SOURCE DATA:
= = = = = = =
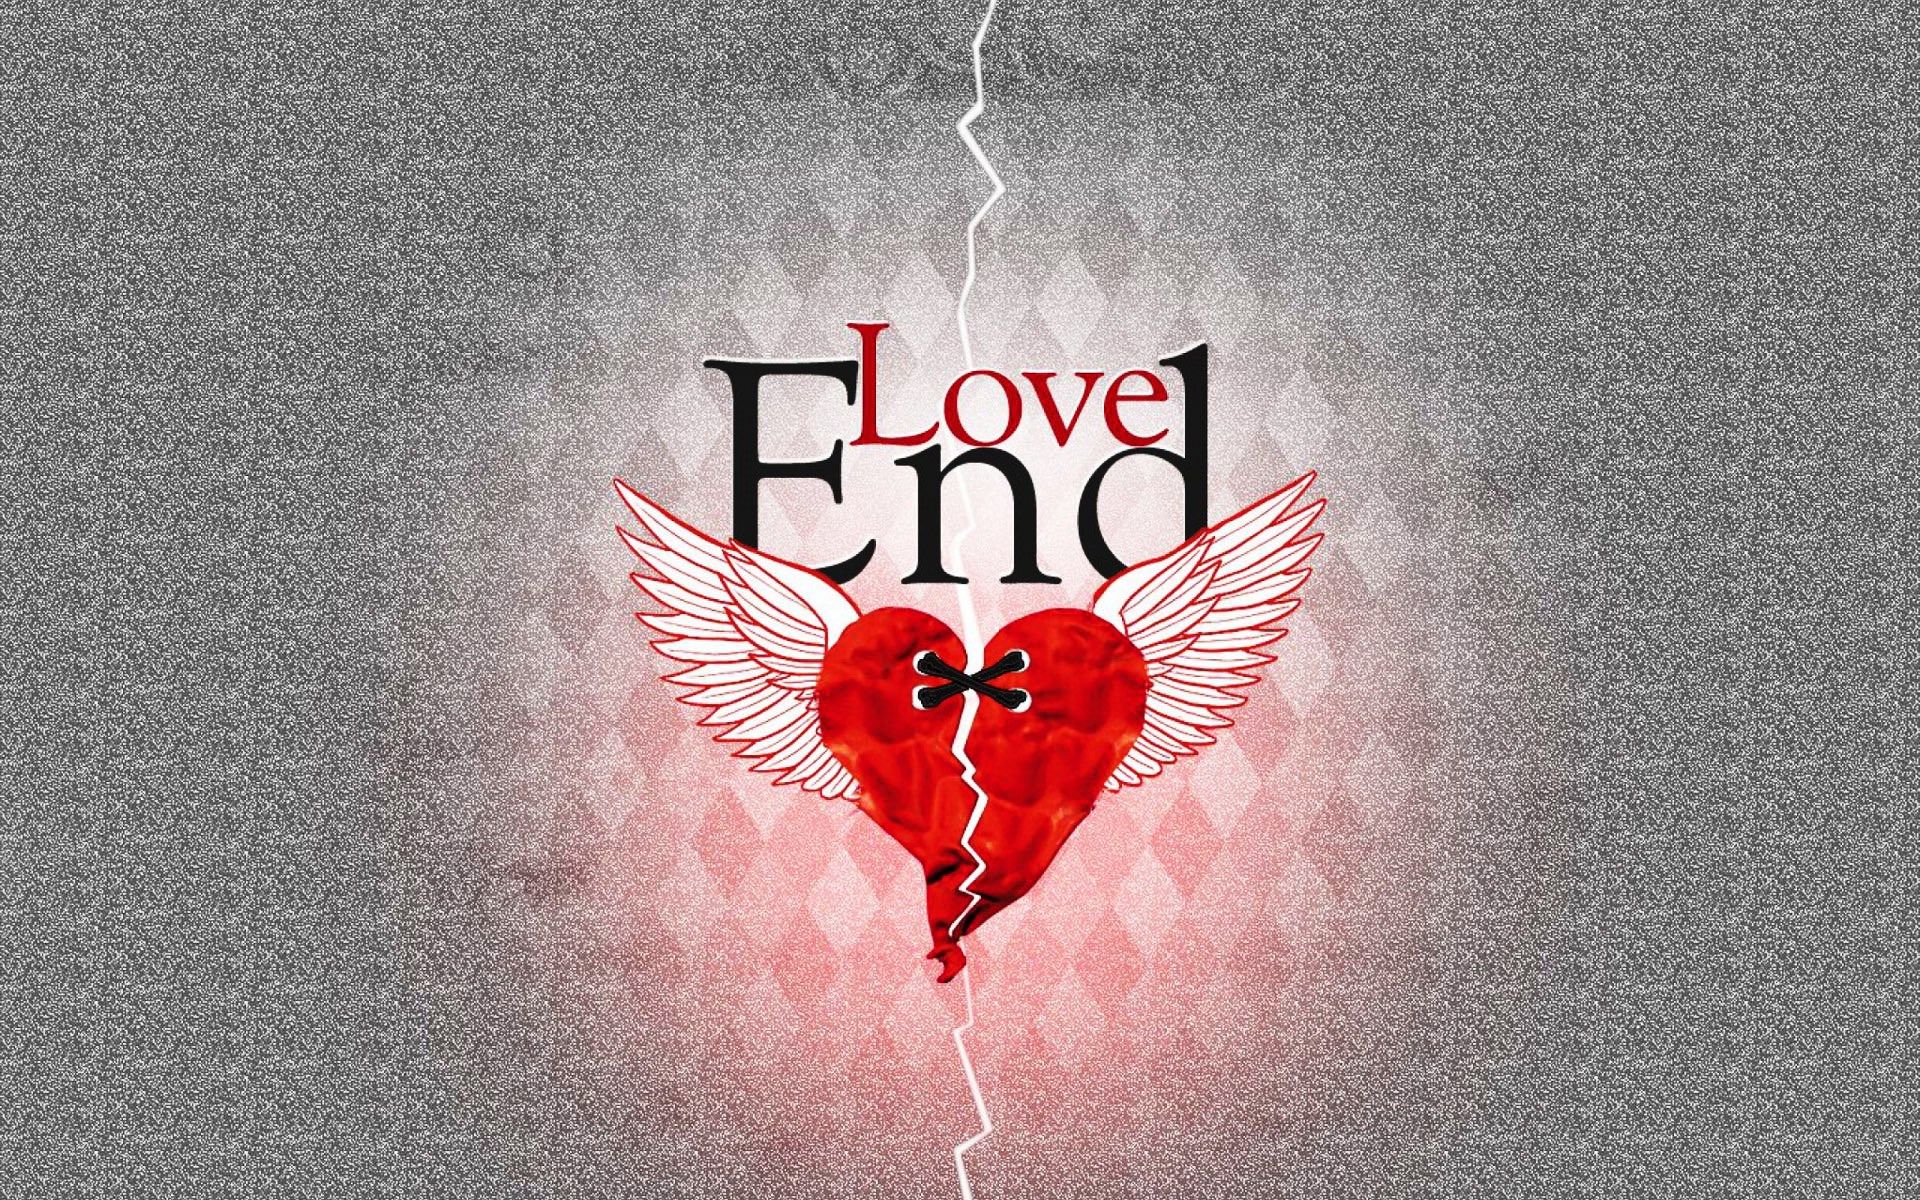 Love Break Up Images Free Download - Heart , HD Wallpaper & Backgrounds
= = = = = = =
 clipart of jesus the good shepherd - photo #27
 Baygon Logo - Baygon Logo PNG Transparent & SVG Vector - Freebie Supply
= = = = = = =
WHAT YOU NEED TO DO: Give back precisely the lines above that start at the line containing "clipart of jesus" and end at the line containing "Baygon Logo - Baygon", inclusive. No other lines belong in the output.

SOLUTION:
 clipart of jesus the good shepherd - photo #27
 Baygon Logo - Baygon Logo PNG Transparent & SVG Vector - Freebie Supply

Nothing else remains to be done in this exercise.